Die Konferenz „Marie von Ebner-Eschenbach. Dichterin dreier Jahrhunderte (1830-1916-2016)“ in Brno (Brünn) war ein glänzendes Beispiel für die Besonderheit einer Forschercommunity, die sich mit ganzer Energie einem Thema widmet, sich seiner annimmt, es hegt und pflegt und über die Fächer-, Sprach- und Landesgrenzen hinweg entfaltet. Vom großen sozialhistorischen Bogen über den pädagogischen Eros des Rittmeisters Brand bis hin zu Fotos und Originalhandschriften als Anschauungsobjekten war alles vertreten, was Erkenntniszuwachs verheißt. Wenn Sie erwarten, dass jetzt ein wissenschaftlicher Konferenzbericht folgt, muss ich Sie enttäuschen. Die Vorträge waren interessant, aber ich erzähle Ihnen hier lieber etwas über das Rahmenprogramm, das das Leben und das Werk der großen Schriftstellerin in die (mobile und immobile) Gegenwart holte.

Bei Ausflügen, die durch die Landschaft führten, die laut Programm „im Werk von Marie von Ebner-Eschenbach ihre Spur hinterlassen hat“ – übrigens eine Landschaft, die jetzt gerade (Ende April) in beinahe einschüchternder Pracht frühlingshaft blüht – konnten die Tagungsteilnehmer Schlösser der Familie Dubsky und anderer besichtigen. Die Immobilien befinden sich in unterschiedlich gutem baulichem Zustand, von vorbildlich restauriert (Lysice) bis zu erbärmlich vernachlässigt (Zdislavice). Während in Lysice das Rahmenprogramm nicht nur aus einer Führung durch die Ebner-Eschenbach-Ausstellung, sondern auch aus einem Konzert mit Werken von Moriz Ebner von Eschenbach bestand, läuft man bei einer Besichtigung des Schlosses Zdislavice Gefahr, buchstäblich aus dem Rahmen (Tür- bzw. Fenster-) zu fallen und denselben dabei mit sich in die Tiefe zu reißen. Nur die Gedenkstätte (Gruft) auf dem Gelände wird gerade mit Hilfe von tschechischen und ausländischen Freiwilligen restauriert. Auf der Website des Czech National Trust kann man das Projekt unterstützen.

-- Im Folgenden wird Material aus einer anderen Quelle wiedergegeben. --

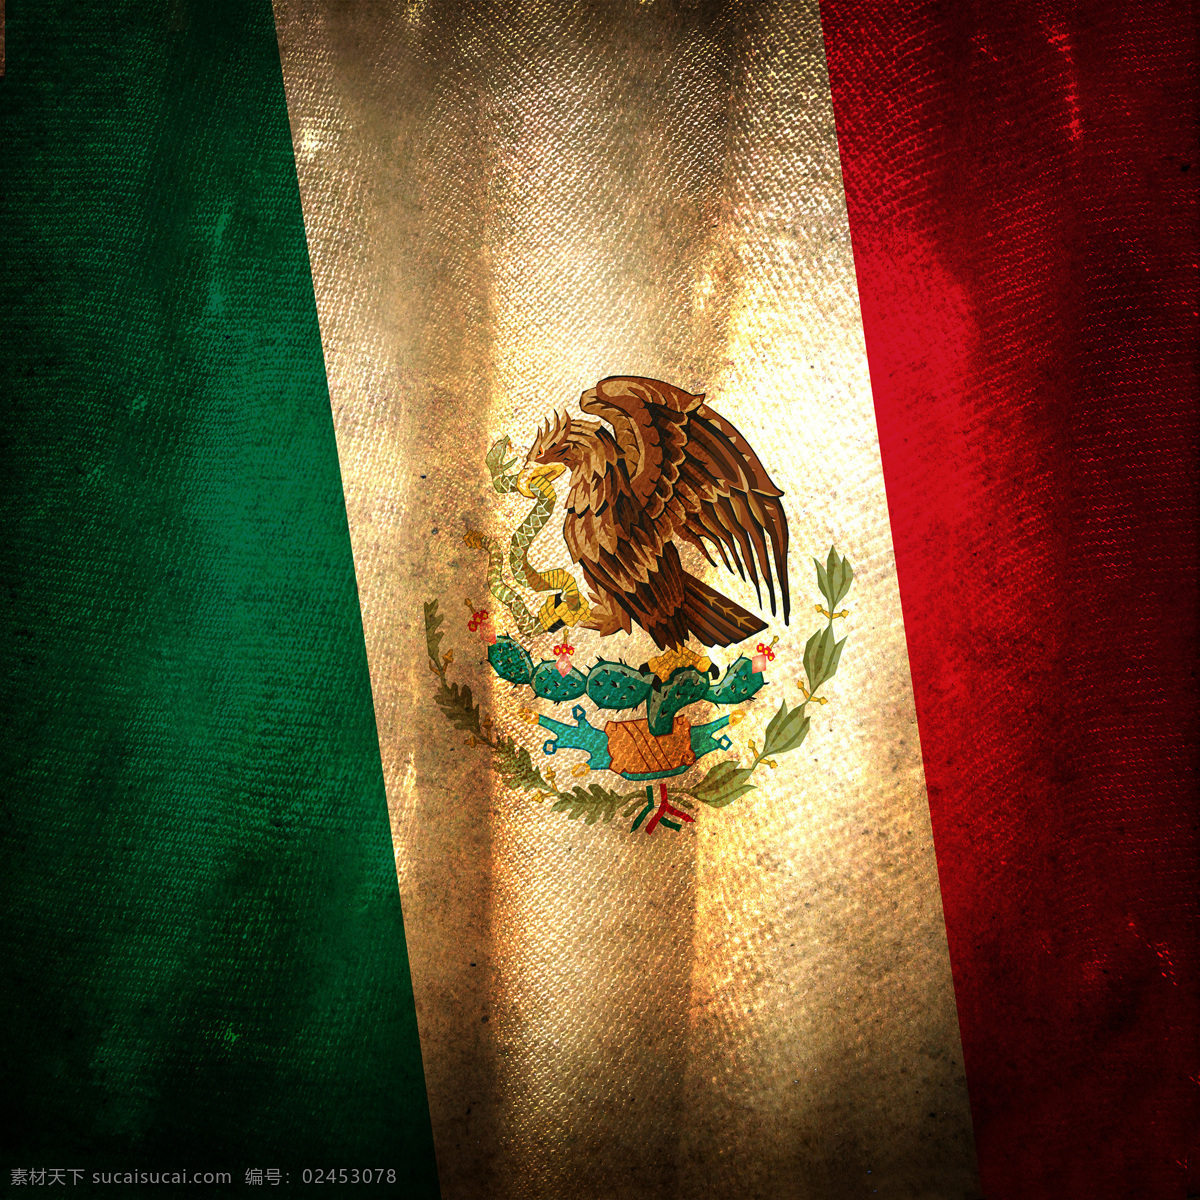 墨西哥 国旗 标志 国徽 国旗图片 生活百科
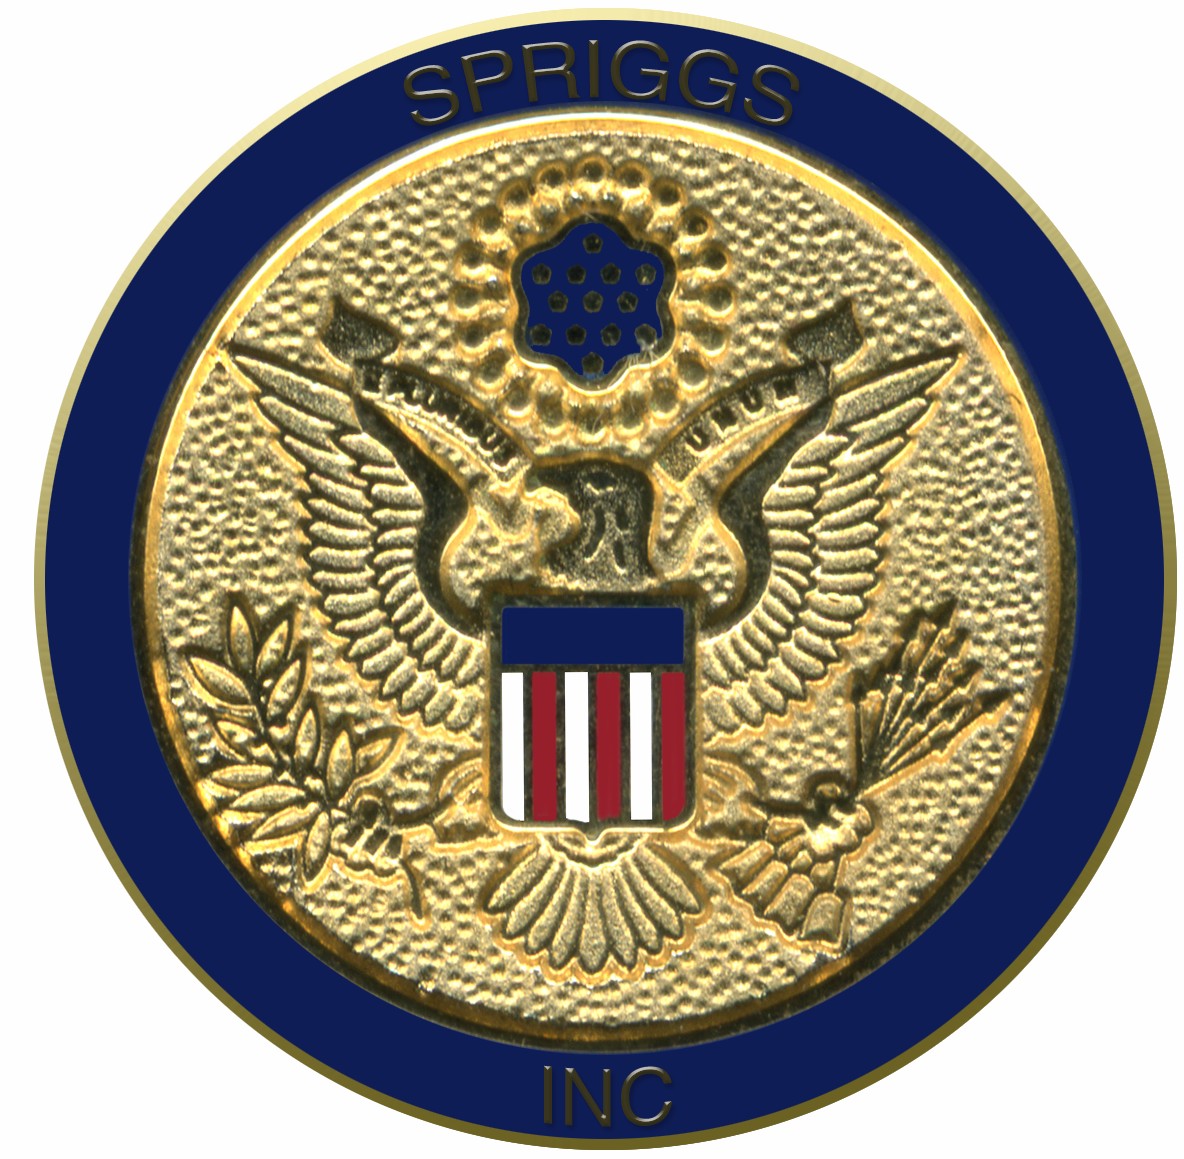 Spriggs Security & Investigations Inc.

In Hoštice befindet sich eine der Büsten Ebner-Eschenbachs, deren Zuschreibung, Provenienz, Aufstellung etc. so geheimnisumwoben sind (zumindest erschien es mir so – ich bin an der Stelle ausgestiegen, an der Marie von Ebner-Eschenbach in Rom Modell gesessen hat, als sie gar nicht in Rom war), dass der Genius loci (näher lässt sich die Quelle nicht bestimmen) von einer dubskyosen Angelegenheit spricht.

In Litenčice und Uhřice hatten die sachkundigen und großzügigen Schlossbesitzer kleine Ausstellungen und eine Bewirtung vorbereitet. Die beiden Immobilien befinden sich in der Makler-Kategorie „Sie-haben-Mut-und-handwerkliches-Geschick“. Die Familien Podstatzky bzw. Jarka, die den Fortbestand dieser Schlösser sichern, haben die ewige Dankbarkeit bau- und kulturhistorisch Interessierter verdient.

Ein solches Rahmenprogramm plus: großzügige Bewirtung, schöne Unterkunft und ein reibungsloser Ablauf sind natürlich nicht umsonst zu haben. Die Koordinatoren Mojmír Jeřábek und Eleonora Jeřábková mussten da schon eine ganze Reihe an Sponsoren finden, damit das funktioniert – Hut ab und vielen Dank.

Wenn ich das richtig sehe, sind in Brünn und Umgebung dieser Tage einige Prozesse angestoßen worden, deren weitere Entwicklung interessant wird. Deshalb wünsche ich mir eine Wiederholung der Veranstaltung in nicht allzu ferner Zukunft – schon allein, damit wir einen Blick auf die Baufortschritte werfen können.